Respite – Most likely the caregiver will not even consider respite. The caregiver’s attention is on their loved one, not themselves. However, respite will provide long term benefits. Without respite, caregivers may face serious health and social risks as a result of stress. Respite provides the much needed temporary break from the exhausting challenges faced by the caregiver.
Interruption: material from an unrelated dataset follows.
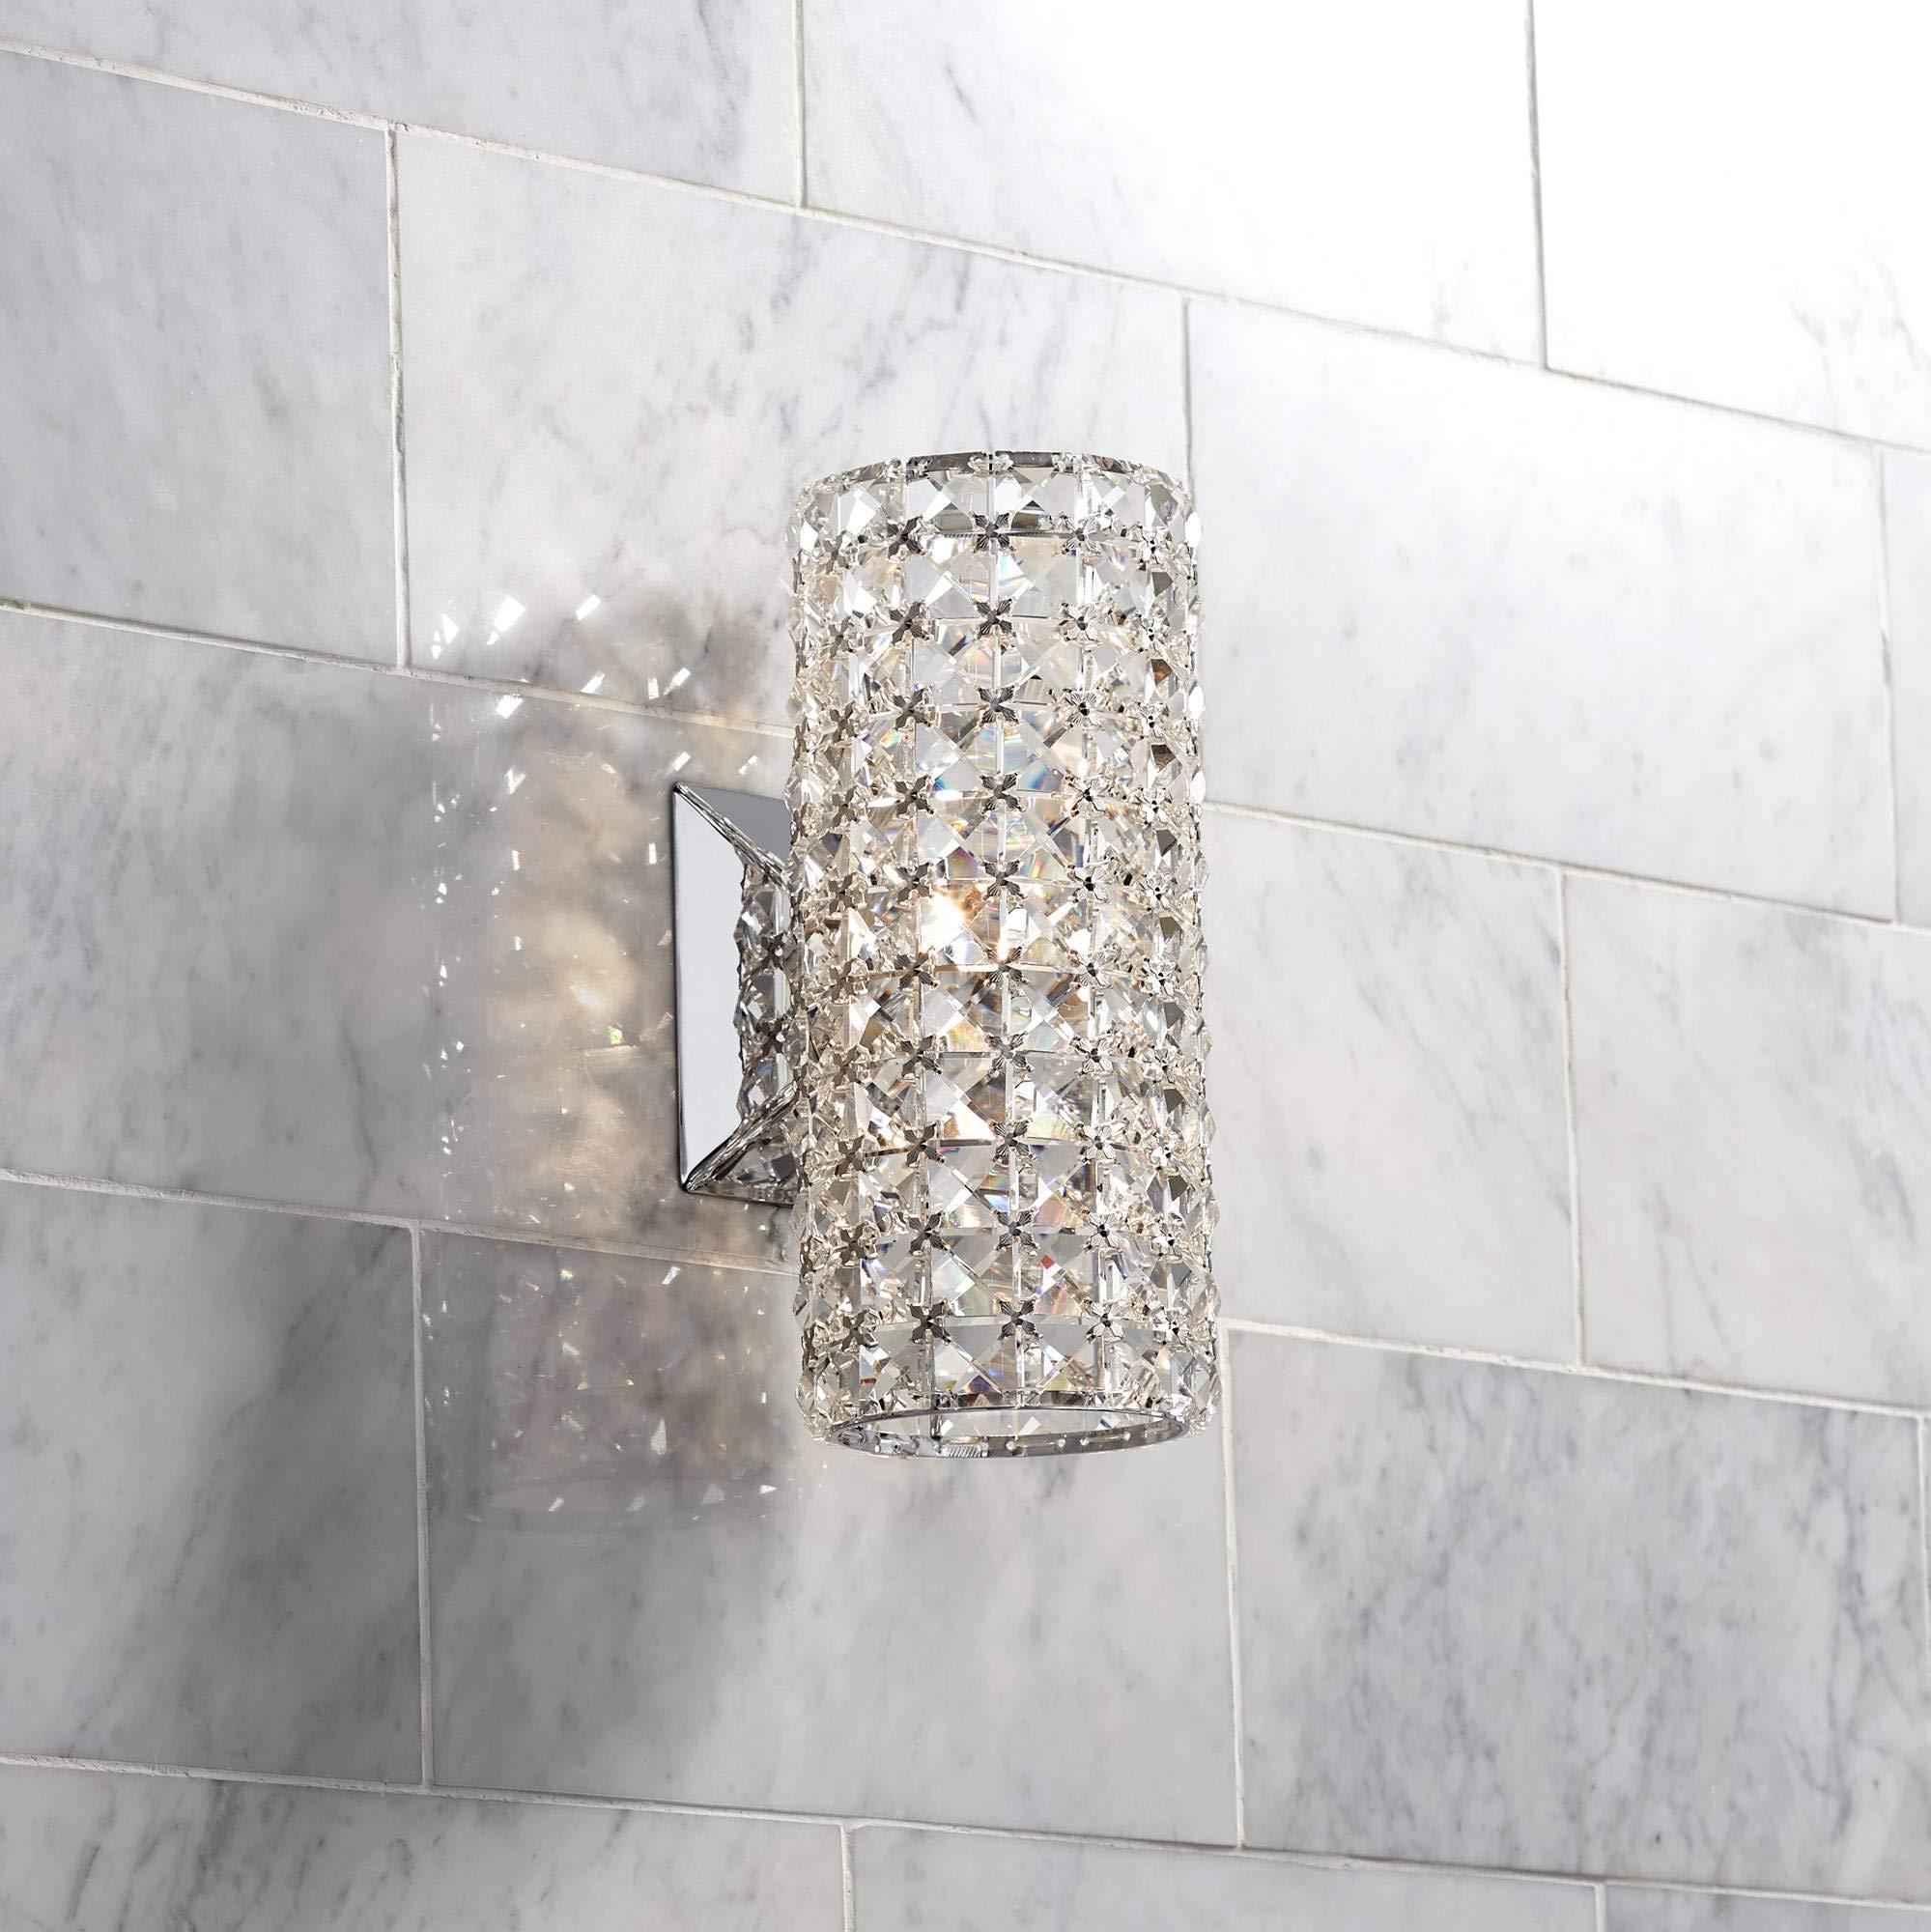 Bernadette 10 1/4'' High Crystal Cylinder Wall Sconce - Vienna Full Spectrum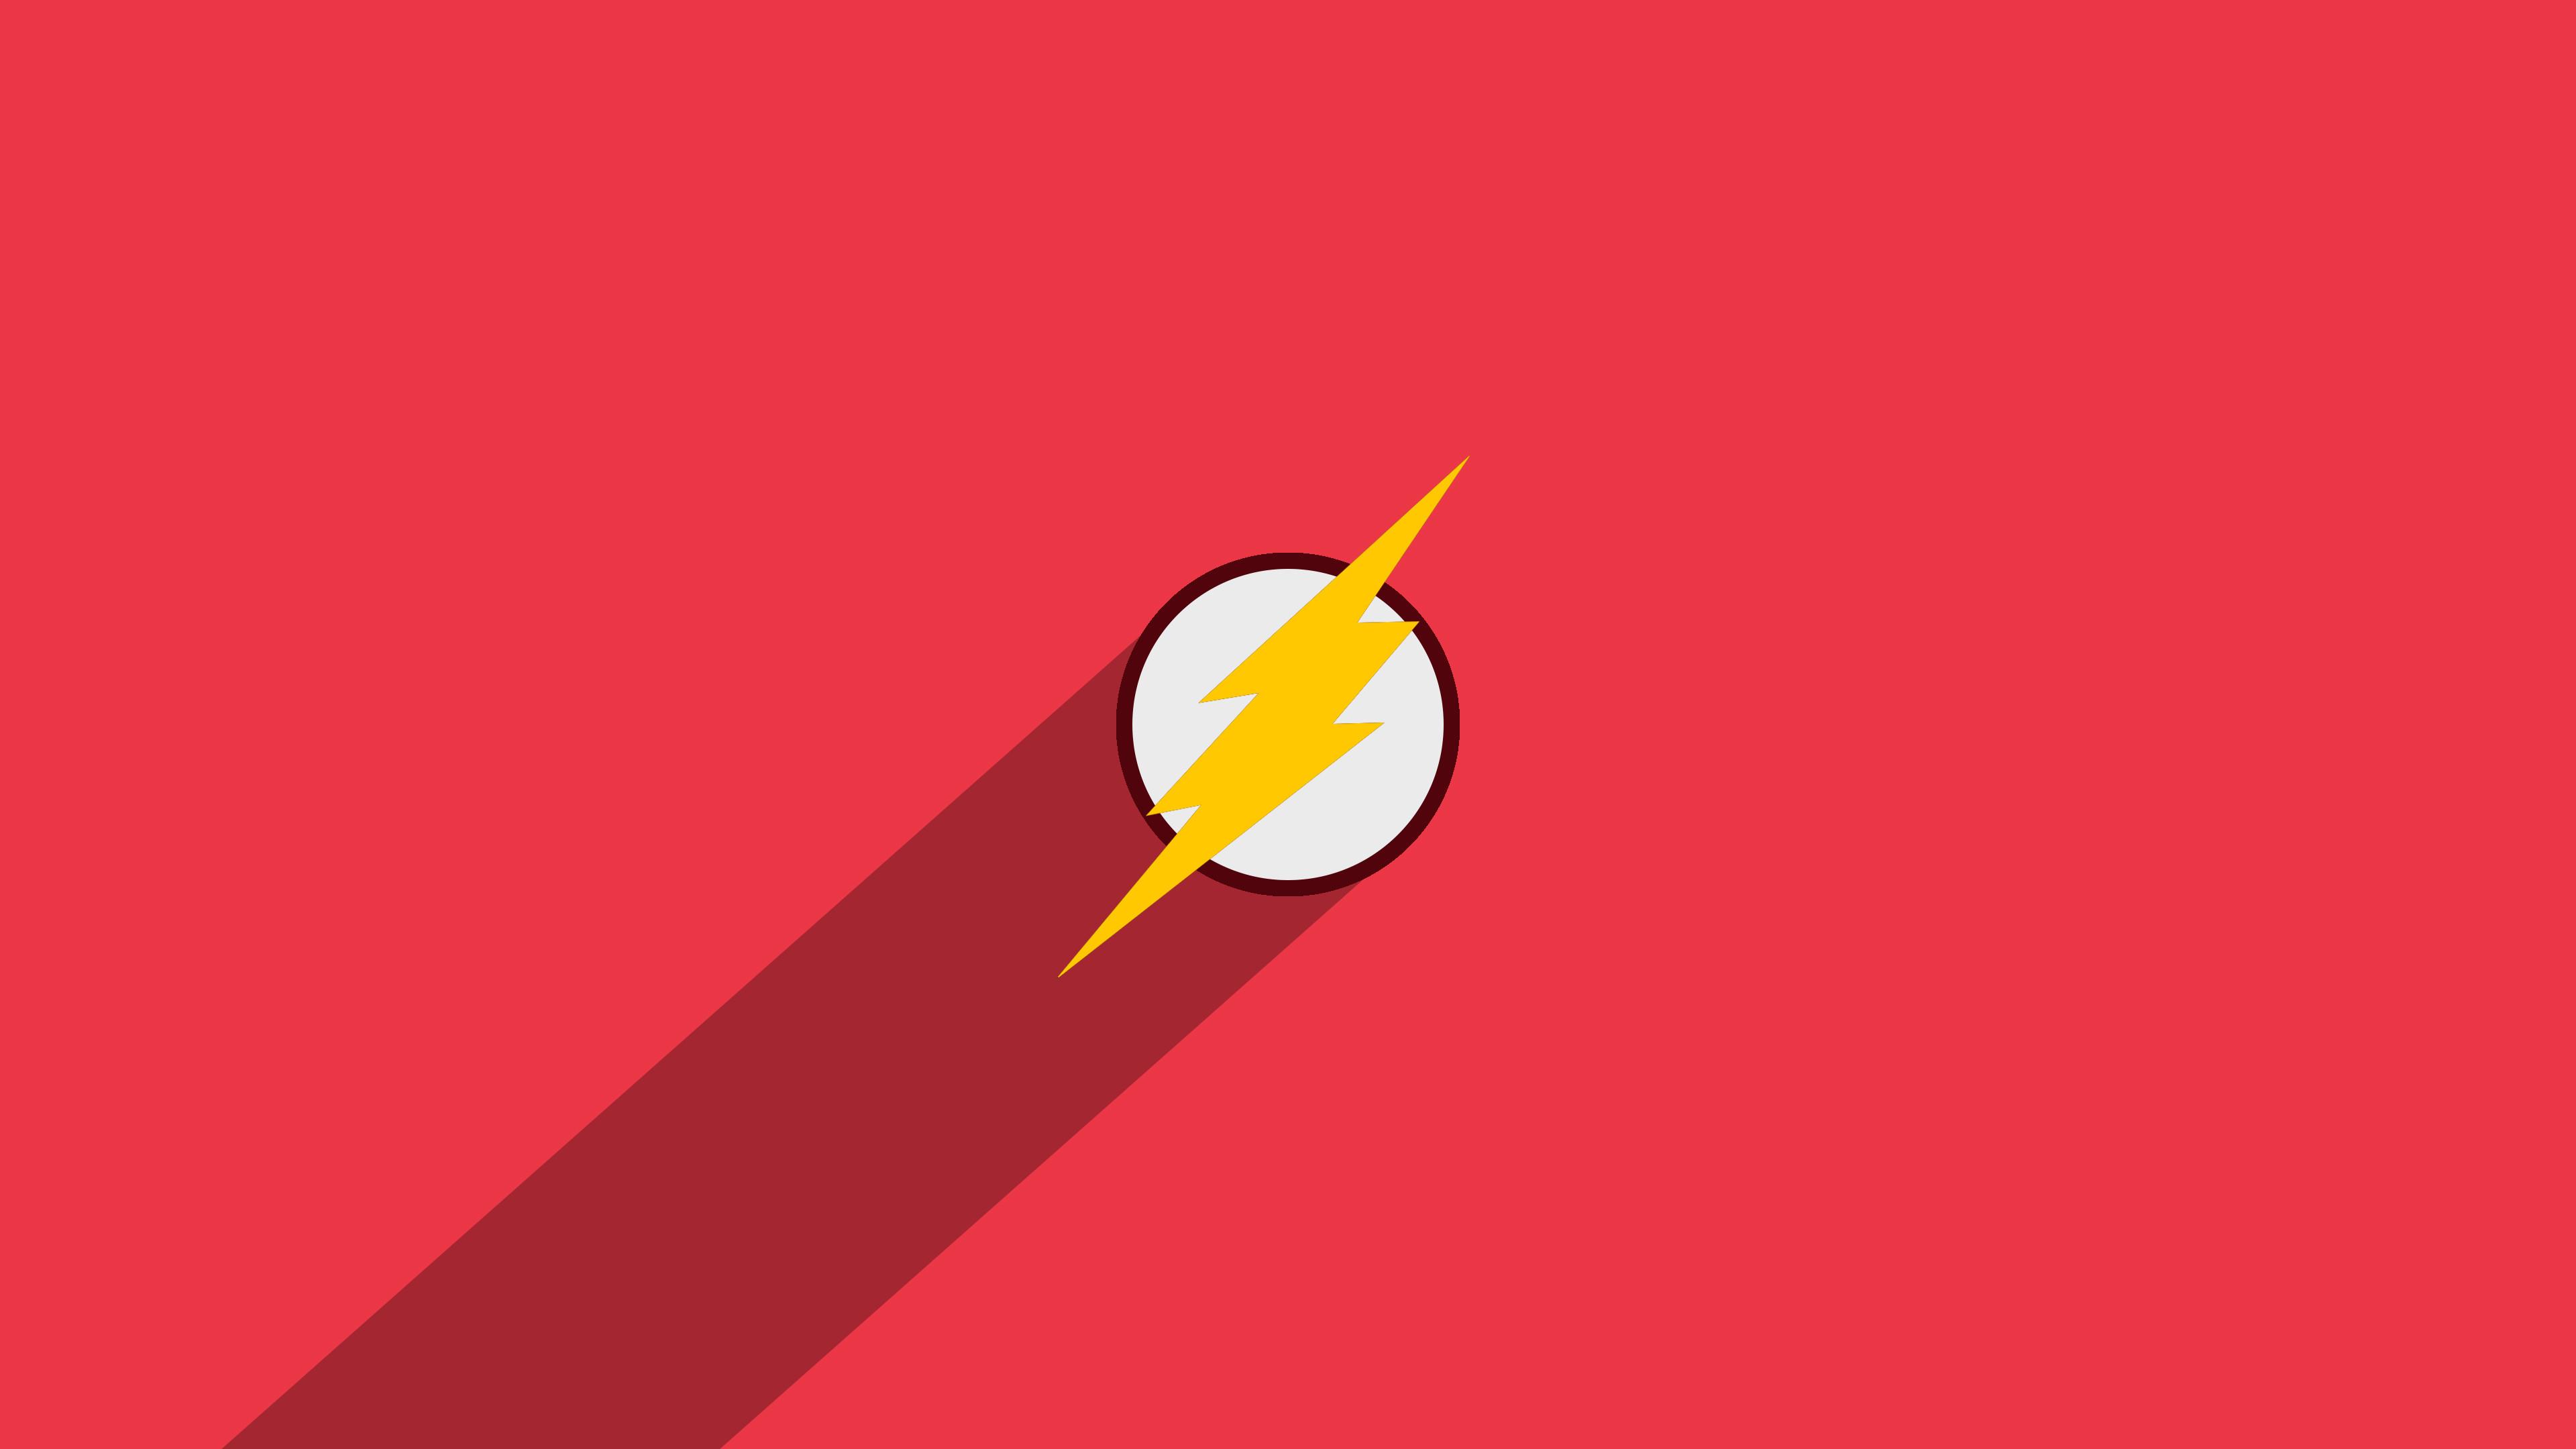 3840x2160 The Flash Desktop Wallpaper

The faith community can prove supportive in this need. Train volunteers to provide care to wounded veterans, with the following skills:

  • give medications
  • listen without judgement
  • knowledge of CPR

Support – Caregivers do not take the time to reach out to others because they think they cannot find the time to be away from their loved one. However, social support becomes a critical component in caregiver care. Peer support groups have provided caregivers a great source of comfort knowing that they are not alone, that others share similar situations, and that there are resources available.

The faith community can extend hospitality by opening their facilities for a caregiver support group. However, the faith community must extend their hospitality beyond opening the facility. They could also consider the following:

  • provide a trained volunteer to be with the wounded veteran while the caregiver is at group, or offer a wounded veteran group meeting at the same time and location
  • offer child care during group meetings
  • if a pastoral counselor is on staff, have that person available as a resource

The faith community can truly be a place of grace where the wounded veteran and caregiver feel safe to share their feelings.

The faith community does not need to do this alone. Begin networking with resources on line such as,, and

We have learned the wounds of war are contagious as they affect the warriors, their families, the caregiver, and the communities. Thank you for joining this important conversation as we explored the support and services our veterans and their families need in order not just to survive, but thrive in ways meaningful to them.